▶ Exercise details: Although the listing contains pictures, reproduce only its text, exactly as written.
BEGIN Input data
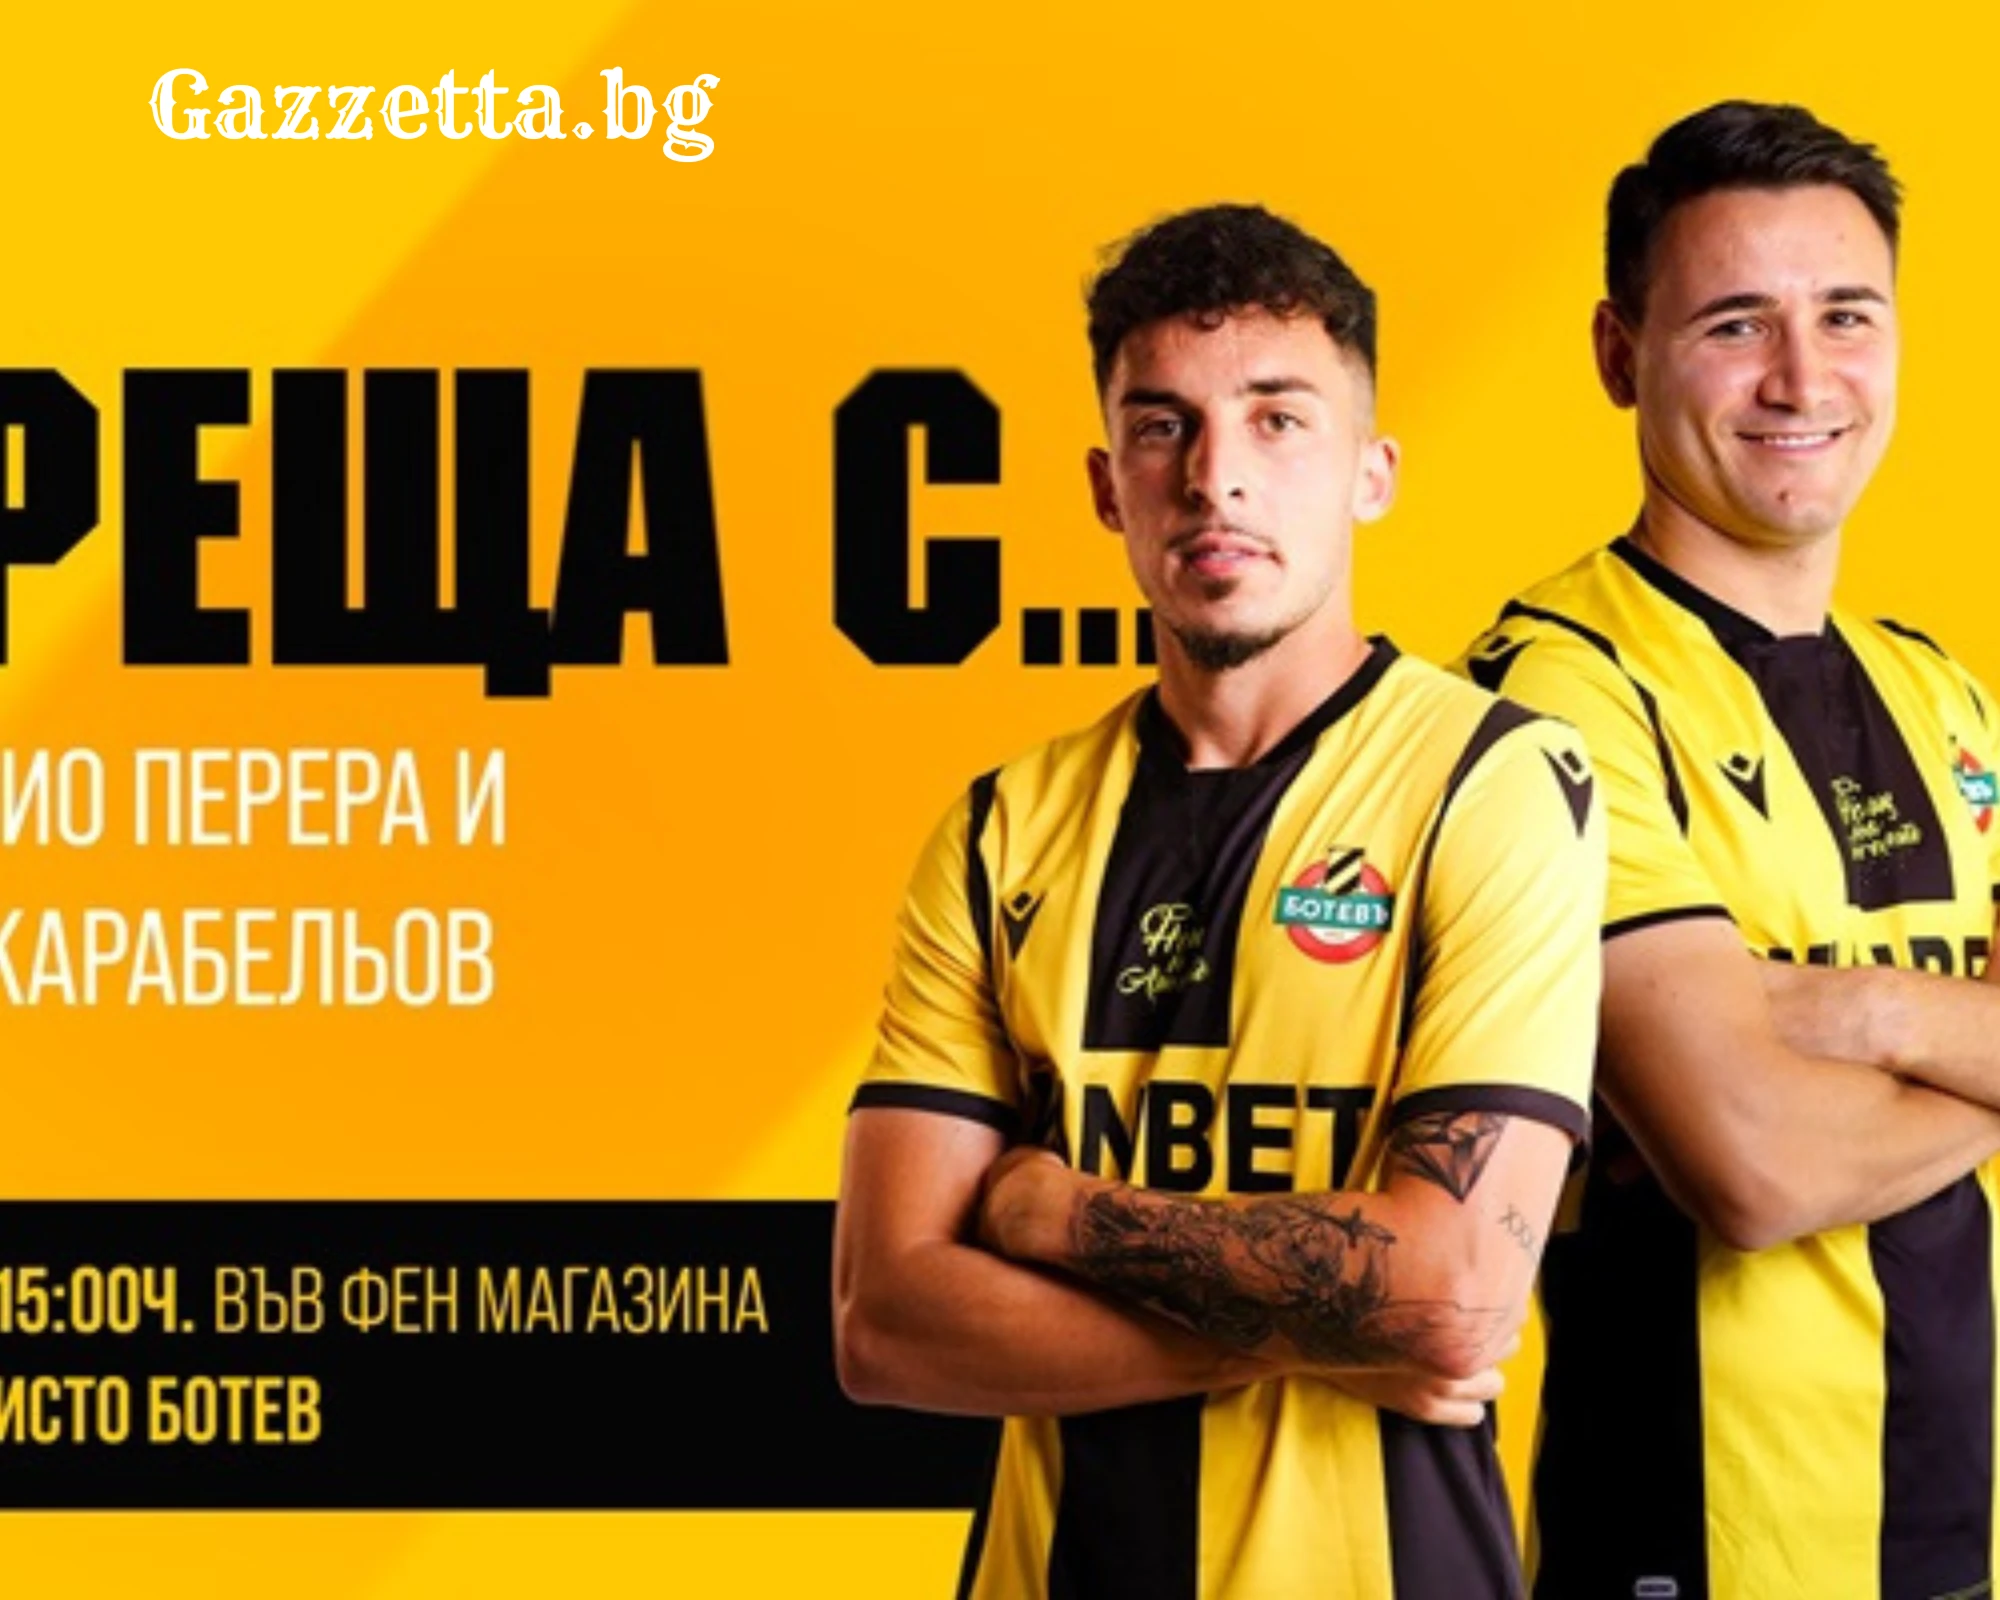 Ботев Пловдив стартира поредицата „Жълто-черни срещи“
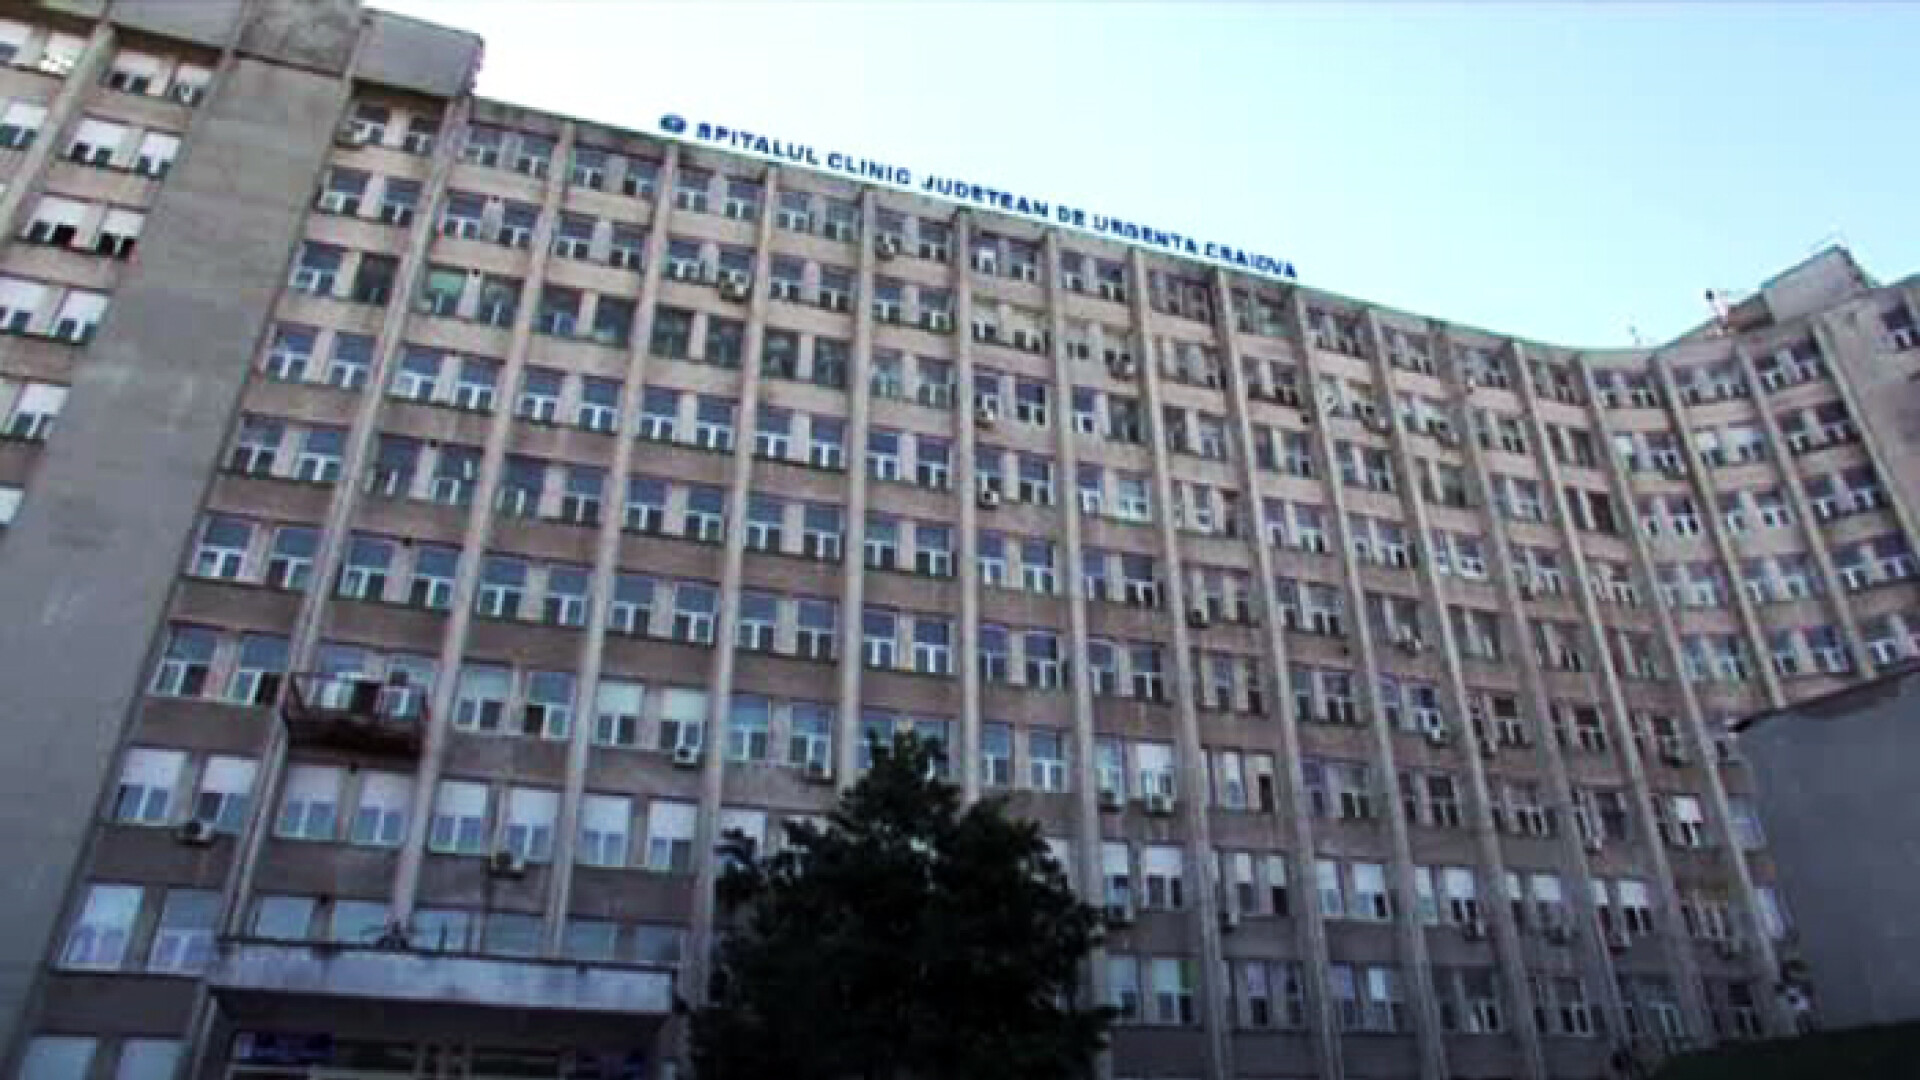 Spitalul judetean din Craiova
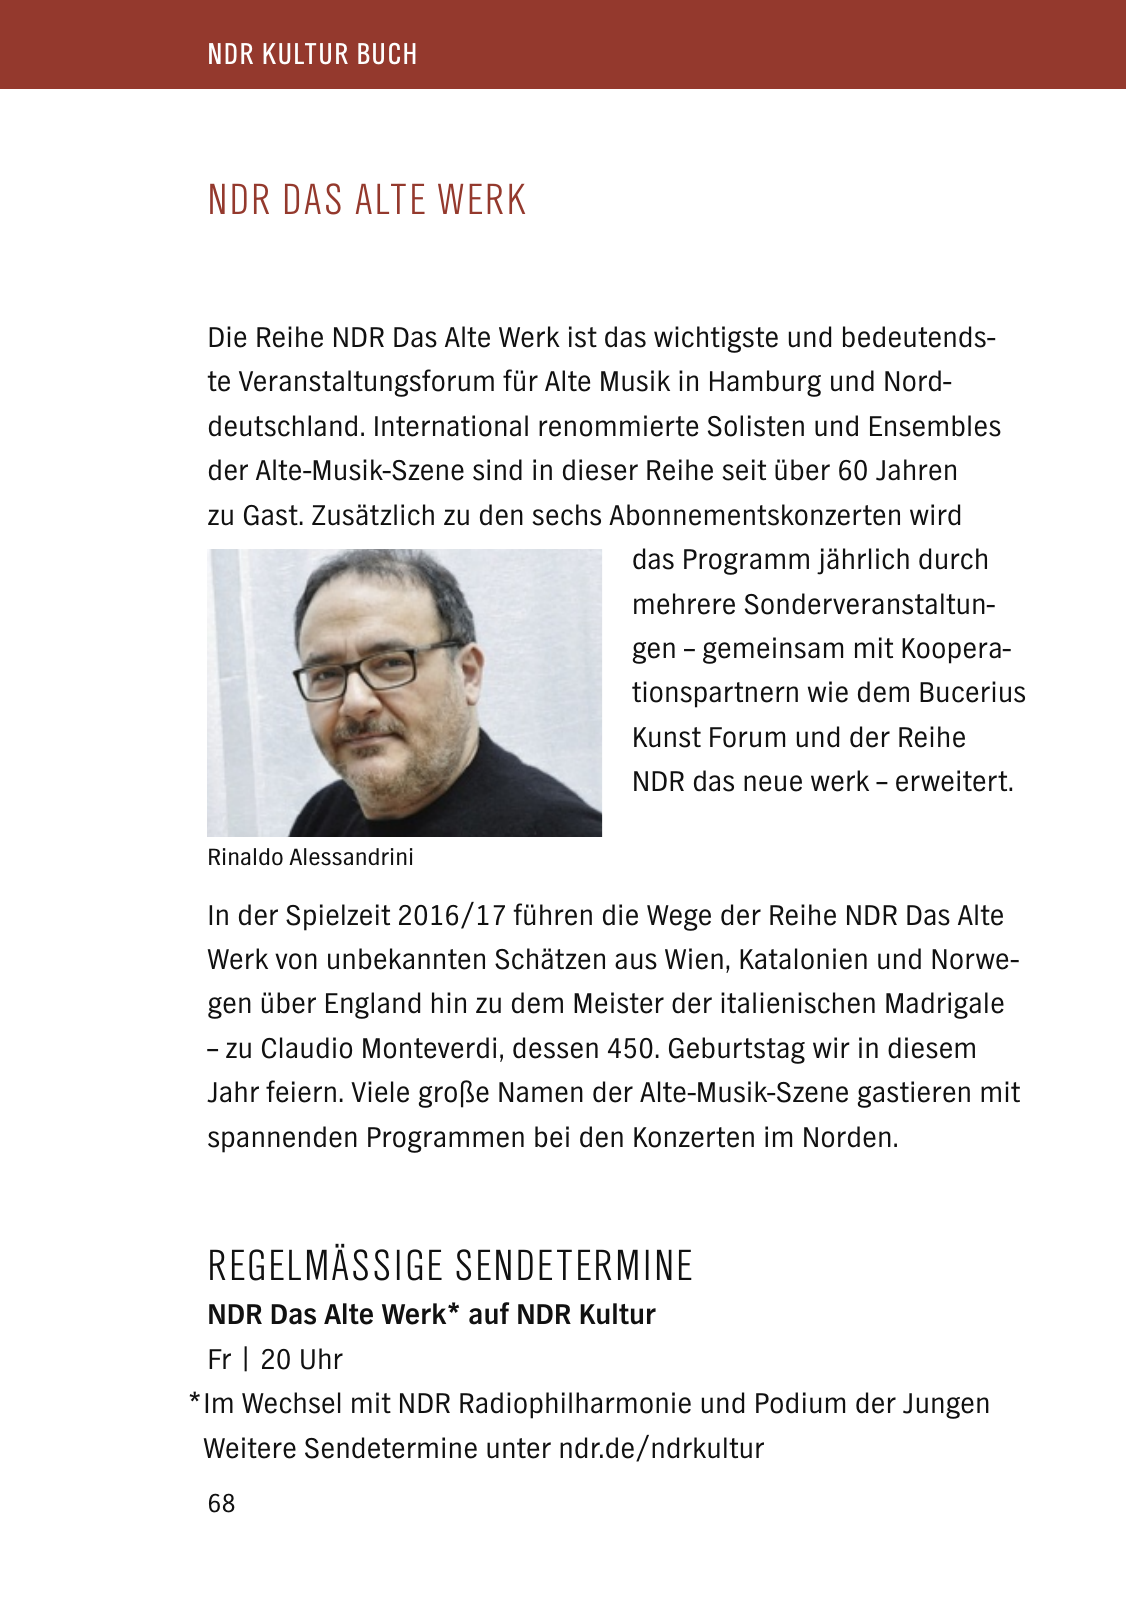 Vorschau NDR Kultur Buch 2017 Seite 70
END Input data
▶ Task response:
 Ботев Пловдив стартира поредицата „Жълто-черни срещи“
 Spitalul judetean din Craiova
 Vorschau NDR Kultur Buch 2017 Seite 70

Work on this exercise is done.